A CPU does not see RAM as some “shared random access memory”. Most of the time you aren’t even touching RAM at all. The CPU operates in an address space that is cached in SRAM in different layers of locality and size. As soon as you have multiple threads access the same memory, either you have cache coherence, threading bugs (which all companies have plenty of, even FAANG companies), or you need synchronization primitives that involve memory barriers that will cause shared cache lines to be sent back and forth as copies between the CPU cores, or caches to be committed to slow DRAM (the exact details depend on CPU).

In other words, isolating the problem at a high level, tackling it with single-threaded simple code is always going to be a lot faster than having a pool of threads bounce between cores, taking turn handling a shared pool of tasks. What I am saying is that designs like those in Golang, Scala and similar Actor designs are the least optimal for a modern CPU — even if the ones writing such code think of themselves as superior beings. Hint: they aren’t.

Not only is multithreading detrimental for CPU-time usage efficiency, it also brings tons of complexity very few developers (really) understand. In fact, multithreading is such a leaky abstraction that you really must study your exact model of CPU to really understand how it works. So exposing threads to some high level [in terms of abstraction] developer is opening up pandoras box for seriously complex and hard to trigger bugs. These bugs do not belong in abstract business logic. You aren’t supposed to write business logic that depend on the details of your exact CPU.

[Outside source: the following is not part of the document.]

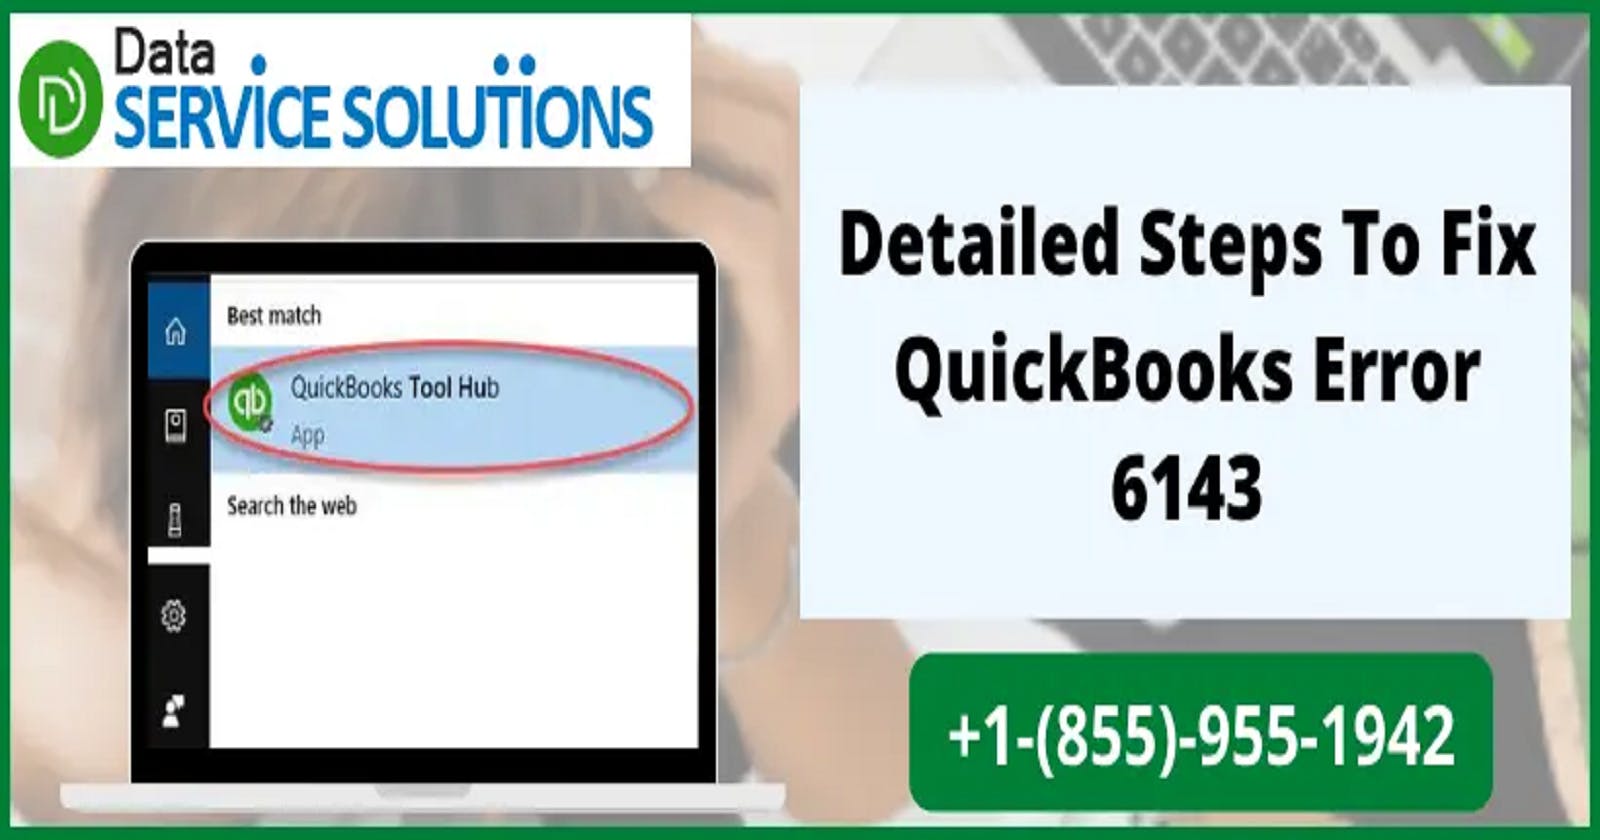 QuickBooks Error 6143: What is It and How to Fix it?

Coming back to the idea of 4 seconds of CPU-time per second. The irony is that, since you are splitting the problem in a way that requires synchronization between cores, you are actually introducing more work to be executed in the same CPU-time budget. So you are spending more time on overhead due to synchronization, which does the opposite of what you probably hoped for — it makes your code even slower, not faster. Even if you think you don’t need synchronization because you are “clearly” mutating a different part of DRAM — you can still have complex bugs due to false sharing where a cache line spans across the addressed memory of two (“clearly isolated”) threads.

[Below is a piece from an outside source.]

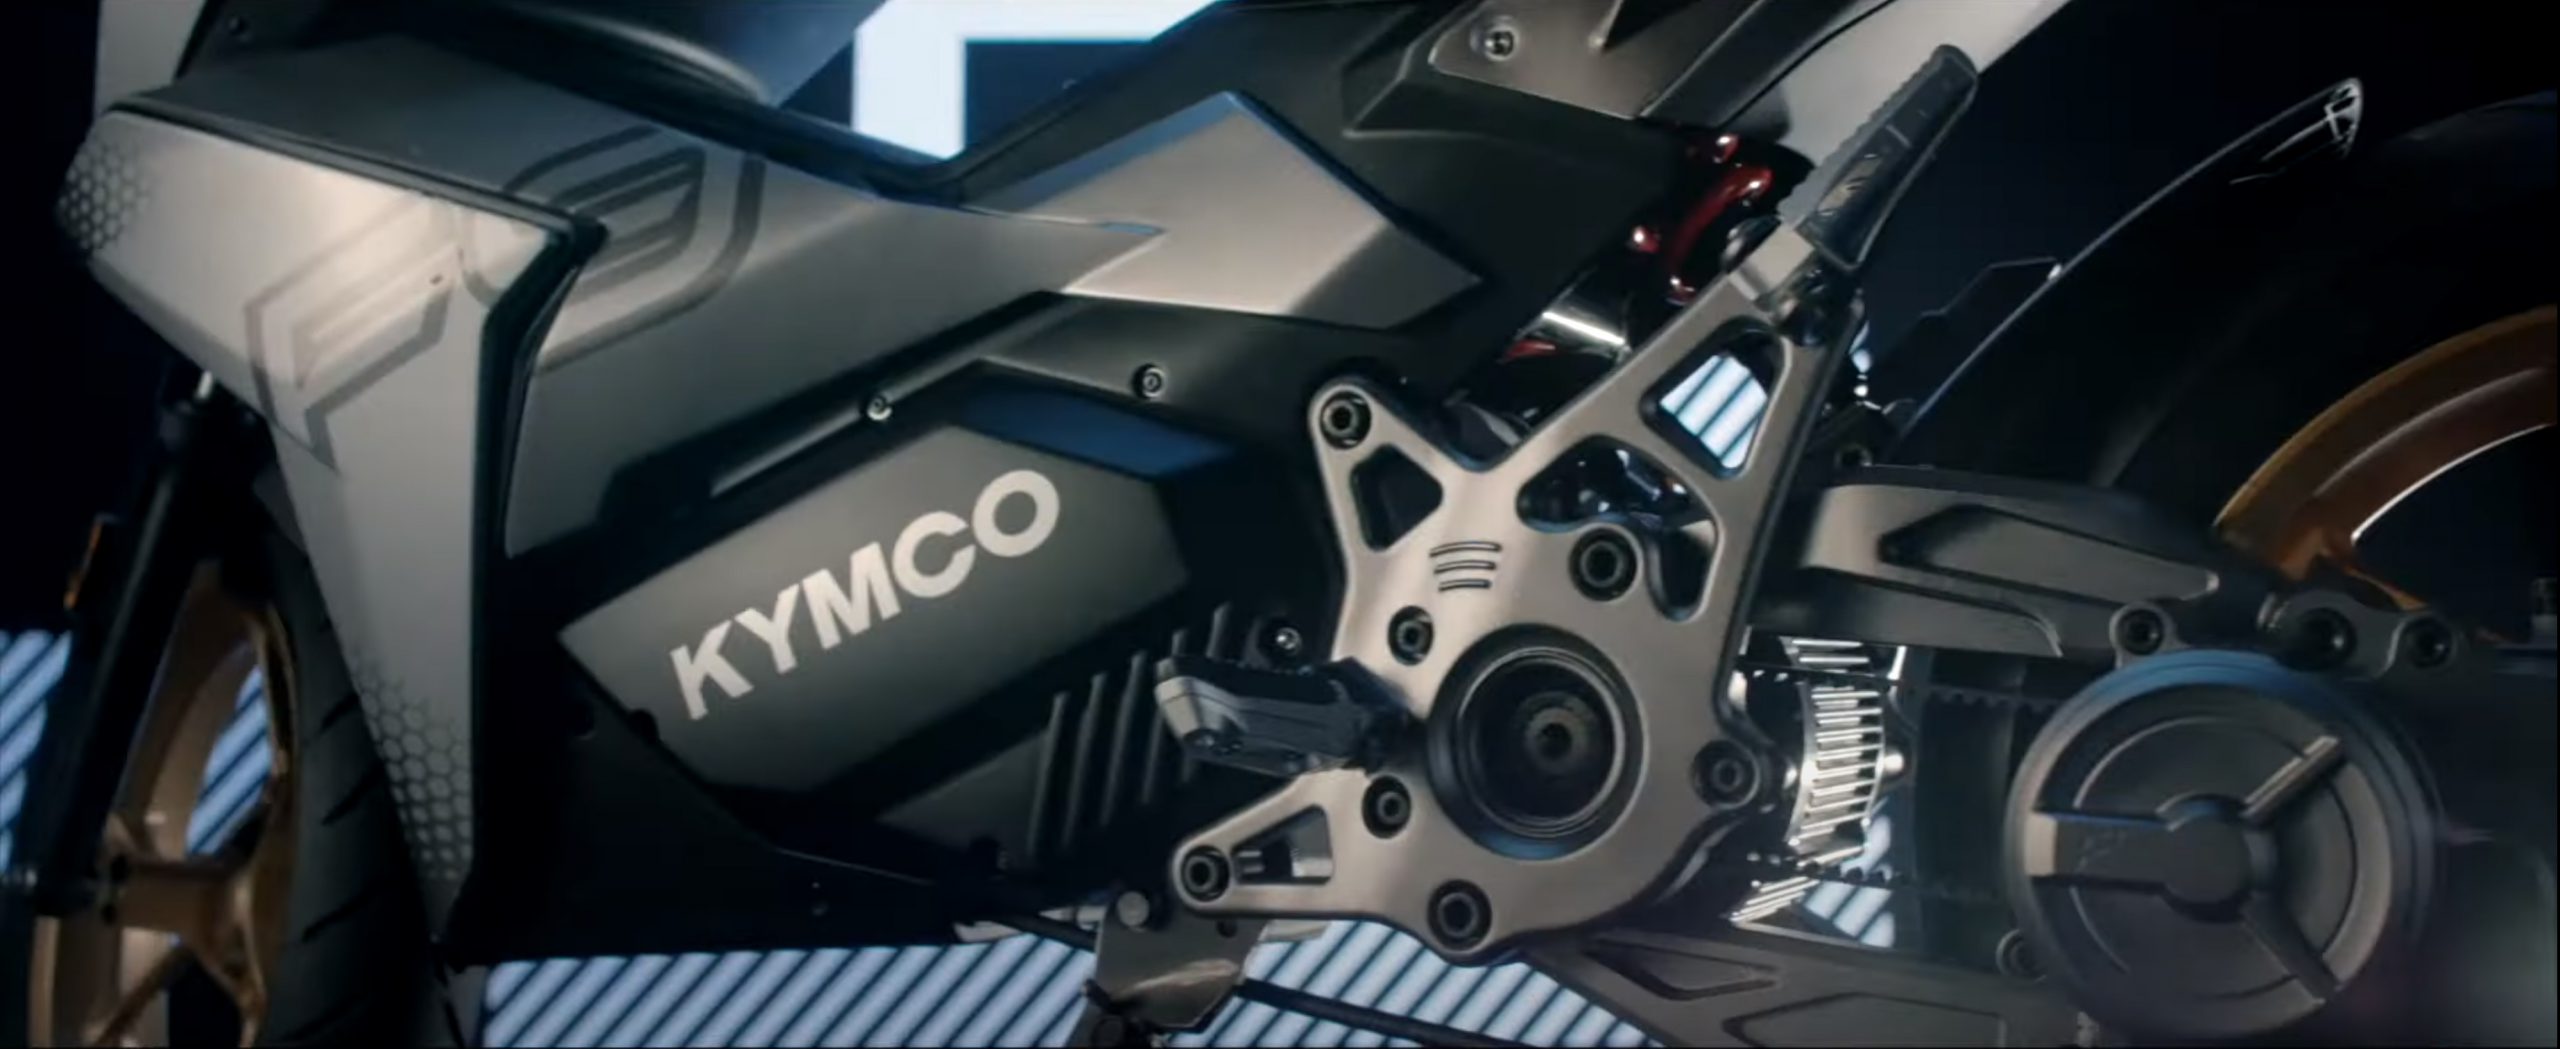 KYMCO F9 Electric Scooter

And since you have threads with their own stack, things like zero-copy are practically impossible between threads since, well they stand at different depths in the stack with different registers. Zero-copy, zero-allocation flows are possible and very easy in single threaded isolated code, duplicated as many times there are CPU-cores. So if you have 4 CPU cores, you duplicate your entire single threaded code 4 times. This will utilize all CPU-time efficiently, given that the bigger problem can be reasonably cut into isolated parts (which is incredibly easy if you have a significant flow of users). And if you don’t have such a flow of users, well then you don’t care about the performance aspect either way.

I’ve seen this mistake done at every possible company you can imagine — from unknown domestic ones to global FAANG ones. It’s always a matter of pride and thinking that, we, we can manage. We are better. No. It always ends with a wall of text of threading issues once you enable ThreadSanitizer and it always leads to poor CPU-time usage, complex getter functions with return by dynamic copy, and it blows the complexity out of proportions.

The best design is the one where complexity is kept minimal, and where locality is kept maximum. That is where you get to write code that is easy to understand without having these bottomless holes of mindbogglingly complex CPU-dependent memory barrier behaviors. These designs are the easiest to deploy and write. You just make your load balancer cut the problem in isolated sections and spawn as many threads or processes of your entire single threaded program as needed.

Again, say what you want about Node.js, but it does have this thing right. Especially in comparison with legacy languages like C, Java, C++ where threading is “everything goes” and all kinds of projects do all kinds of crazy threading (and most of them are incredibly error prone). Rust is better here, but still causes the same overhead as discussed above. So while Rust is easier to get bug-free, it still becomes a bad solution.

I hear so often — “just throw it on a thread and forget about it”. That is simply the worst use of threading imaginable. You are adding complexity and overhead by making multiple CPU cores cause invalidation of their caches. This thinking often leads to having 30-something threads just do their own thing, sharing inputs and outputs via some shared object. It’s terrible in terms of usage of CPU-time and like playing with a loaded revolver.

Rant: over.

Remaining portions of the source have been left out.